Btw, I have friends who have dedicated wedding websites . They have games (how well do you know the groom/bride), guest book, links to google maps to get to the wedding,photo gallery and of course their biography. (eyes met over coffee on June 1st 1996, and the groom spilled most of quickies coffee on himself :D ) ...if your BIL develops one of those..plz let us know
ha ha ha..i was in absolute splits. I gave specific instructions to our video grapher about how there should be NO flowers with the brides face in it, no 1000 pictures of the bride and groom looking into each other's eyes or the bride having her hand over the grooms shoulder etc. he still screwed up, but not so bad.
and with regards to wedding websites, there are a lot floating around. though i love your idea of guests posting photos they took during the wedding. you should patent it
aruna (no longer anonymous)
LOL !
For my wedding they had a picture of a bullock cart and some languid hero singing some song with ten damsels !
Neither did i get the damsels ( the extra ones that is), nor did i get the bullock cart.
I guess i am left with clutching memories from this post !
HI Sundar,
I've been reading your blog for quite some time. I live in Bay Are too. I've never left a comment. But today, I had to.
This post is hilarious. It is so funny, I was laughing until I teared up. I tried hard to muffle my laughing so that my co-workers are not disturbed. Keep coming up with such great posts.
-Sri
A wonderful post that all of us can relate to. The Amoeba's getting Jealous and being able to view the lunch menu during a yawn were pure masterpiece's.
Sundar-
nice post, Loled at the videographer's gimmicks during weddings. K has some photos that he is embarrased to show out.
That was hilarious!
Hi Sundar
Laughed loud and then tried to muffle it and it came out as an awful squeak which made people from nearby cubicles stare!!
Lovely! Simply hilarious!!
thanks to all of you for sharing your thoughts.
glad to know you had a good laugh..
you are welcome to come watch the video or get free copies of it on two conditions
1. we will not be within 50 feet of the vcd watching(we have a self imposed restraining order)
2. you will watch it in its entireity without access to a remote control.
ps. no excuses to get out of saying you need chips or need to go to the restroom.. watch it in its entireity is the deal..
:)
two things in my life which share the same fate..
my gazillion page Ph.D. thesis (apparently only 8 people have checked it out in 10+ years from the college library and I am ready to bet not one read it fully)
my wedding video which no one has watched fully..
well, life goes on!
Sundar, I am so glad that when I got married there was no such thing as a videographer!
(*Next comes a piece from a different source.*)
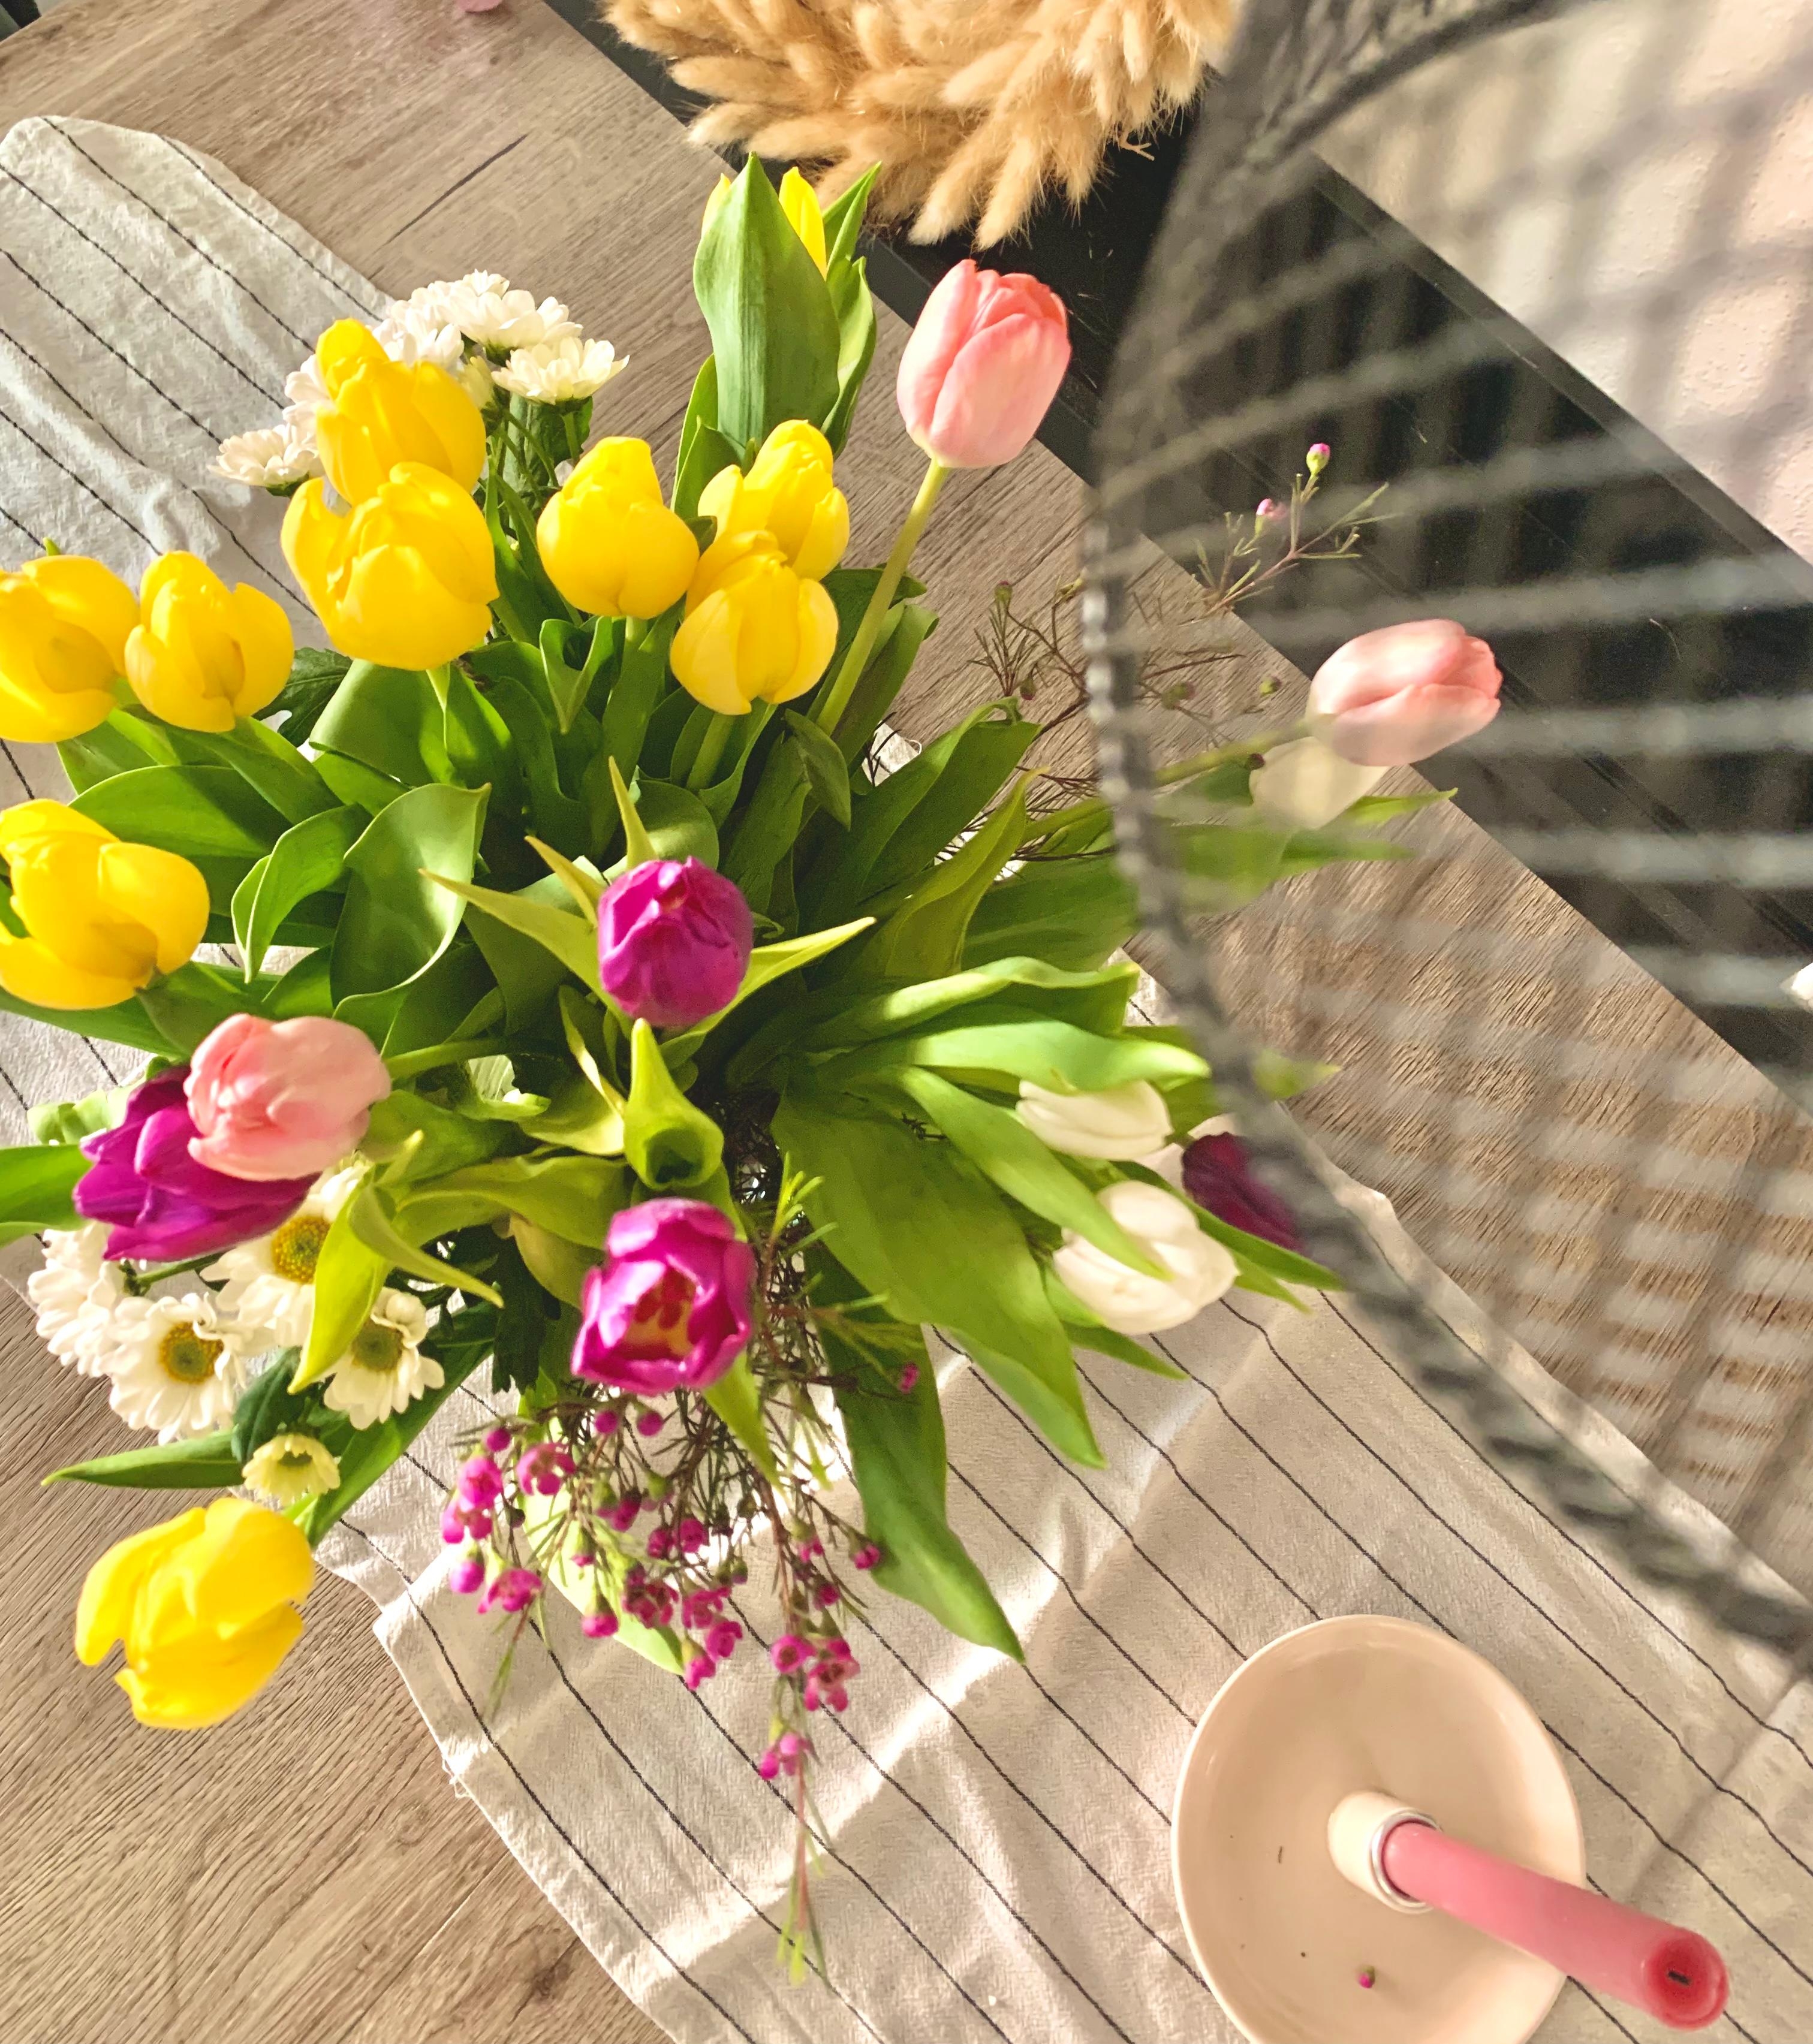 Blumen am Feiertag    💕💕

#flower #spring #esstisch #lampe #kerze #tischläufer #bunt #fröhlich #happy

In fact, the few black and white photographs of our wedding were taken by a friend. If I come to Cupertino I will certainly come and watch your video, following all your conditions:)
Loved this hilarious post!
The wedding websites seem to be the fashion these days. Like Anu said, they are also a bit interactive. One of my friends also took suggestions for honeymoon spots. I think it's pretty nice.
As for the videos, I've watched ours atleast 2 times ...but never once without a remote! Did I mention that my husband's name was spelt wrong in the video?
Hi sundar..
ur blog has been listed in http://pathivuspot.blogspot.com" REL="nofollow">Pathivuspot
Hilarious!!
VDs really get very creative. i have not watched my wedding video after the first time when it was handed over to us (with the remote for sure).
I may be able to laugh my head off at it now remembering your descriptions!
Keep up the humor!!
- Shree
Hilarious!!! How did I miss this post? Glad you reposted it.
At least you attempted to watch your wedding video. I haven't watched the videographers copy in 18 years.
Venkat did one brilliant thing though. He ordered two copies of the video- one: the unedited version with real sound; two- the edited 'professional' version with all the 'extras'.
The second copy hasn't been watched. Ever!
Apart from this, Venkat handed his camcorder to a cousin who caught all the candid moments. Now this is the video that we watched.